### [Supplied material]
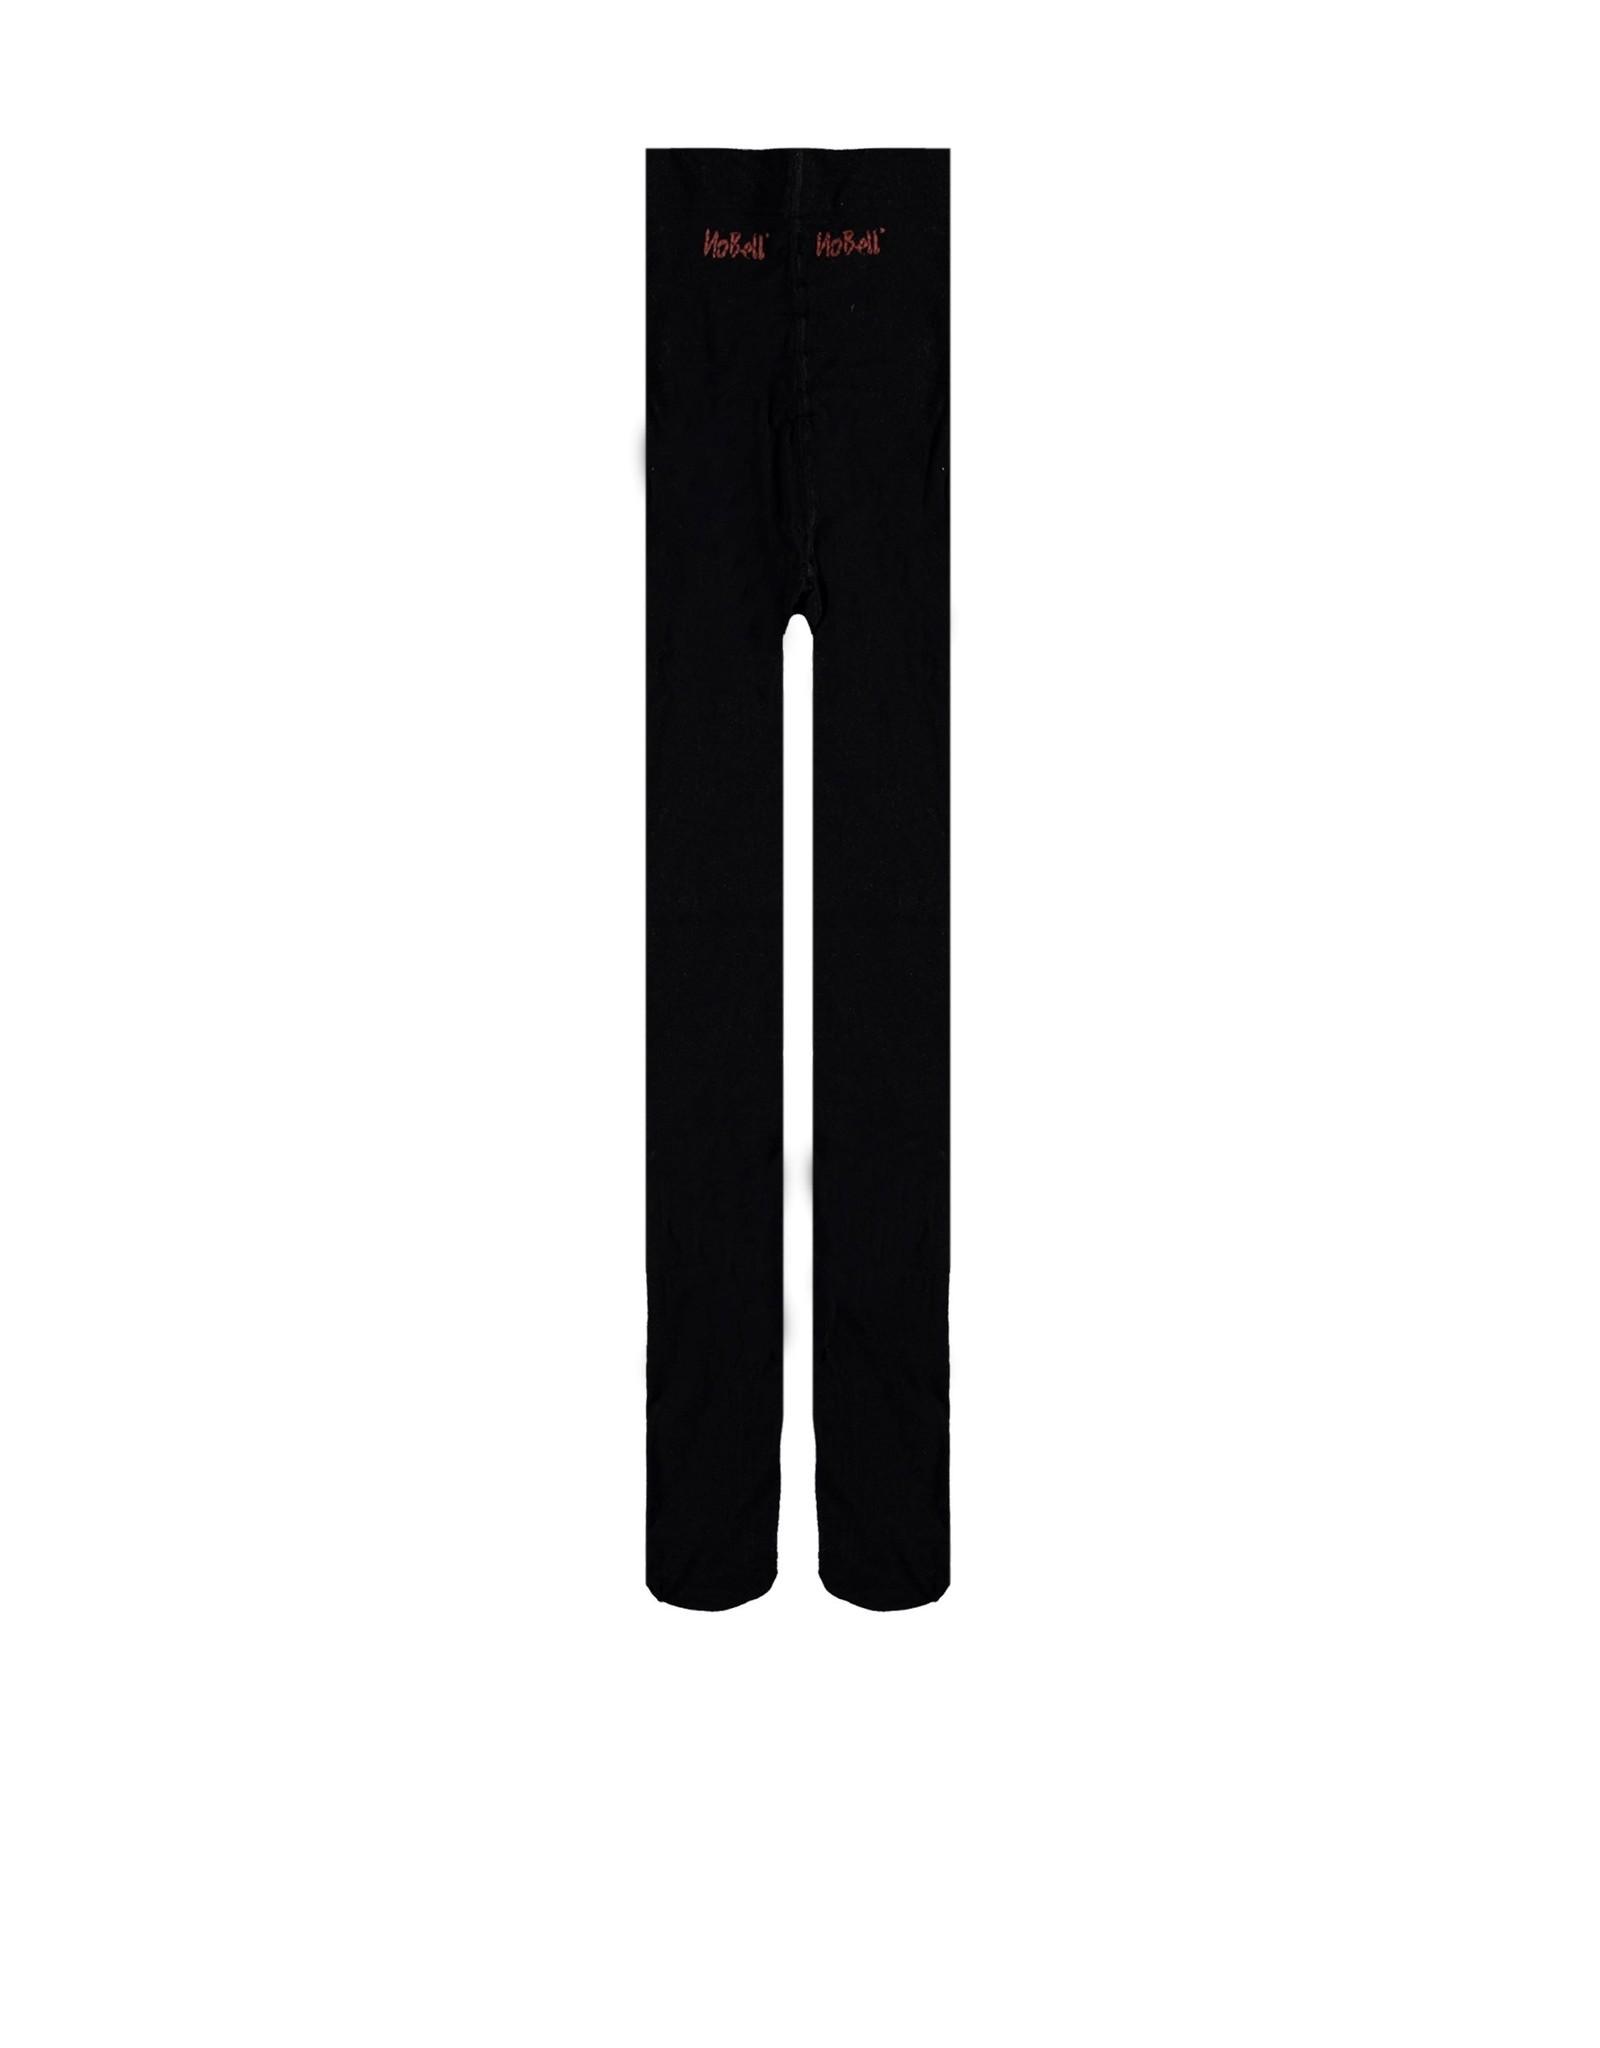 NoBell panty 3905 jet black
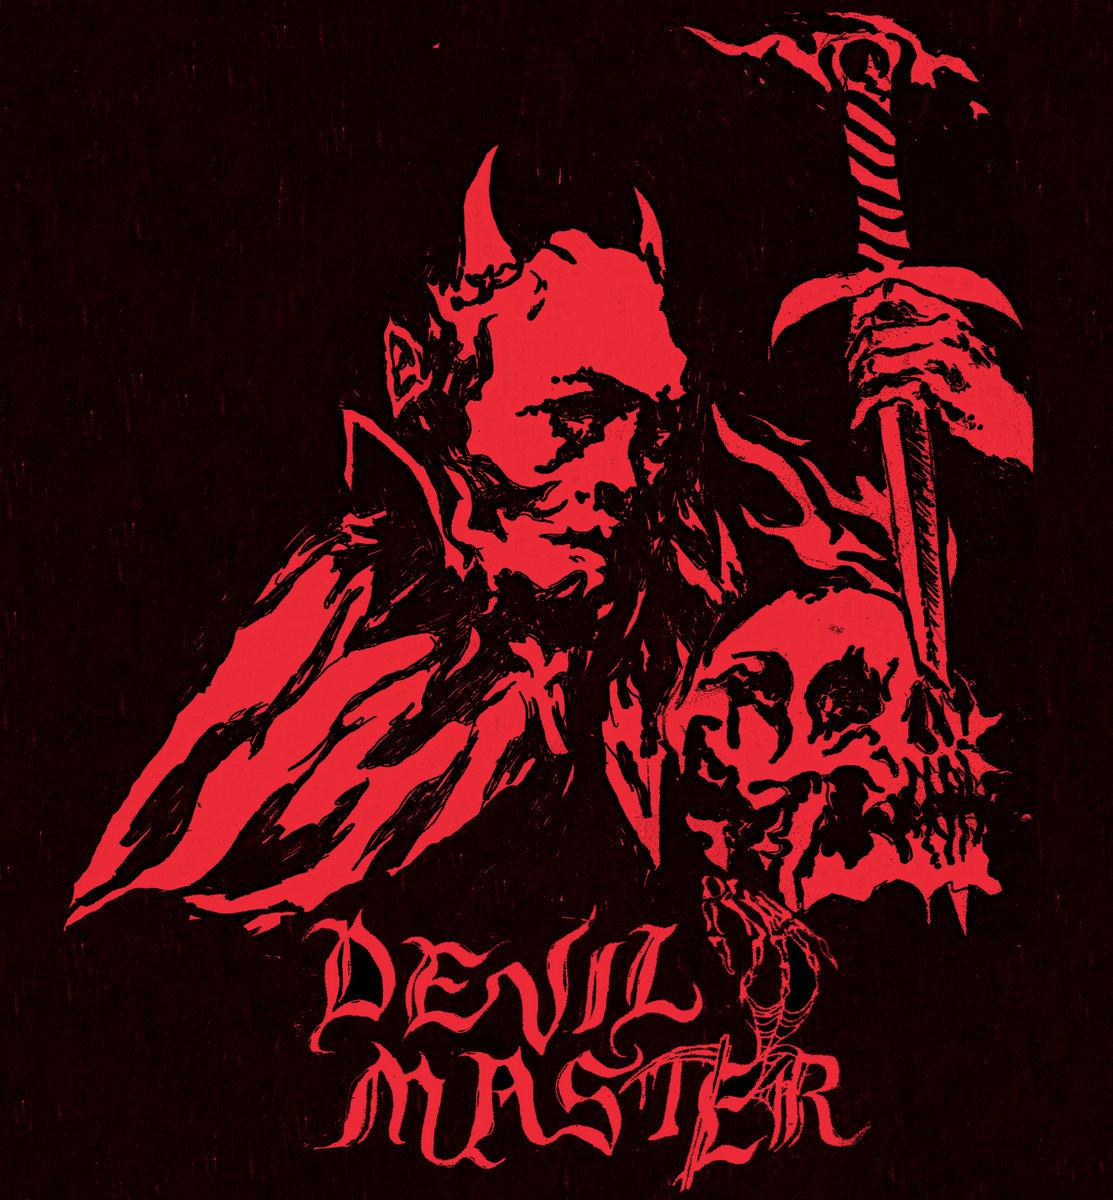 by DEVIL MASTER
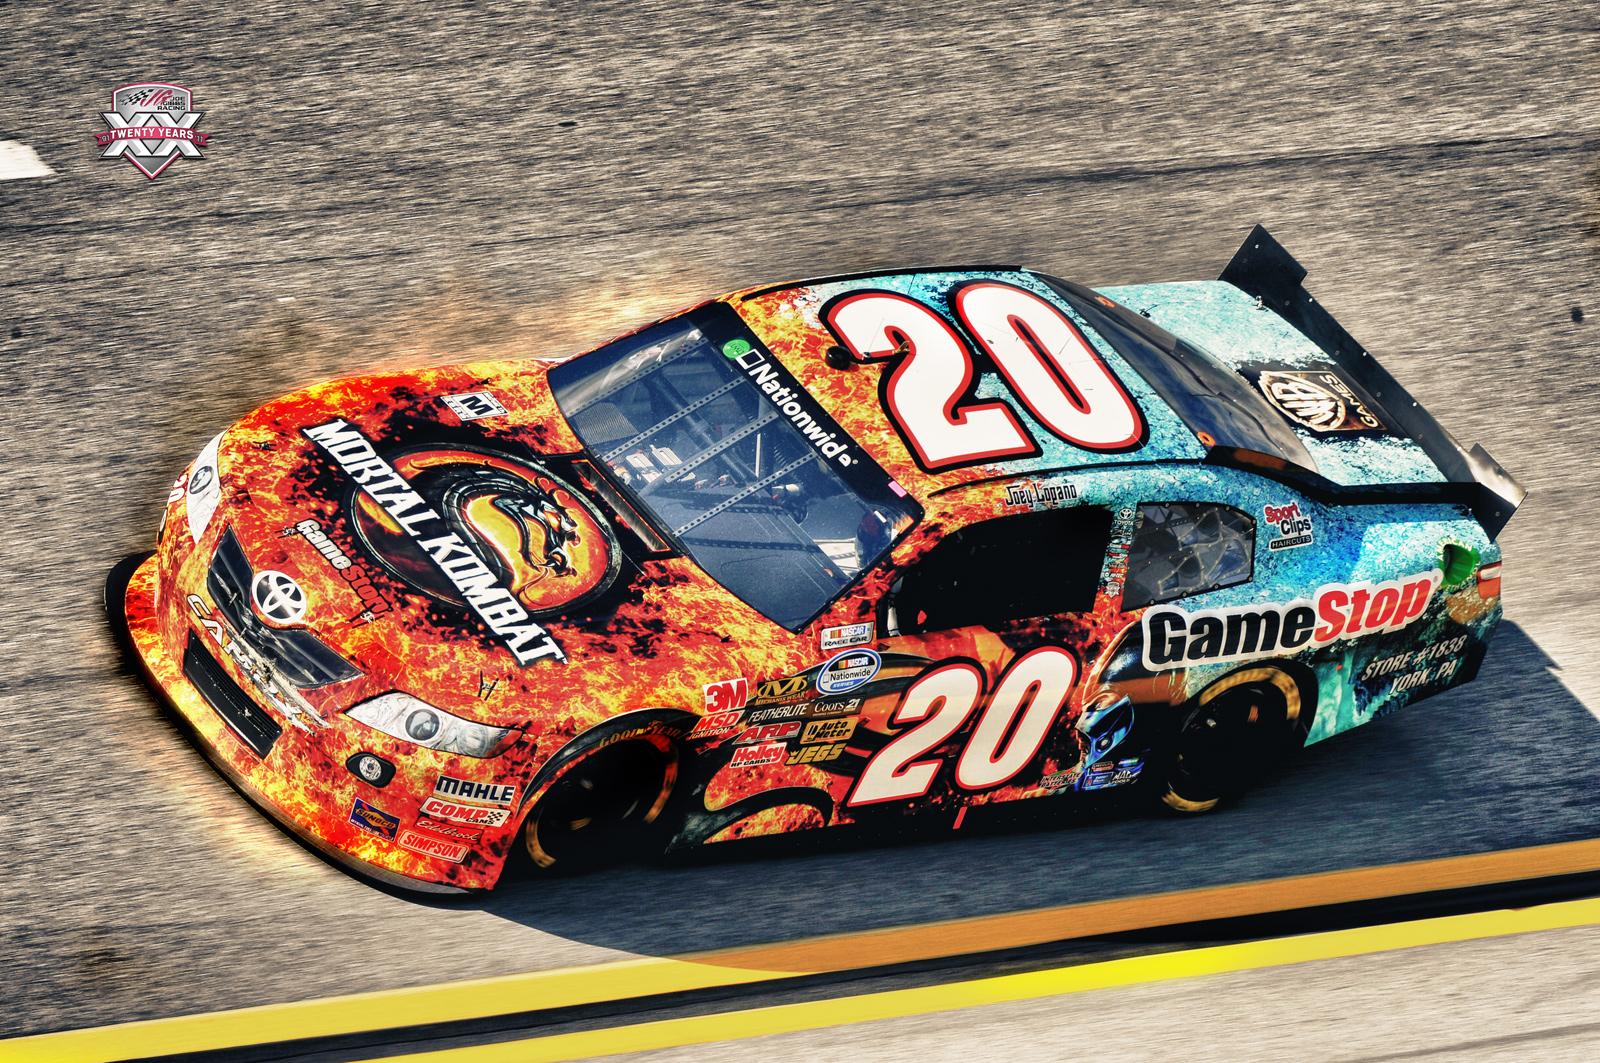 Free Nascar Wallpaper: Free NASCAR Wallpapers For Desktop

### [Task directions]
Exactly the lines from the line with "by DEVIL MASTER" through the end of the data are to be reproduced, and no picture is to be included.

### [Finished exercise]
 by DEVIL MASTER
 Free Nascar Wallpaper: Free NASCAR Wallpapers For Desktop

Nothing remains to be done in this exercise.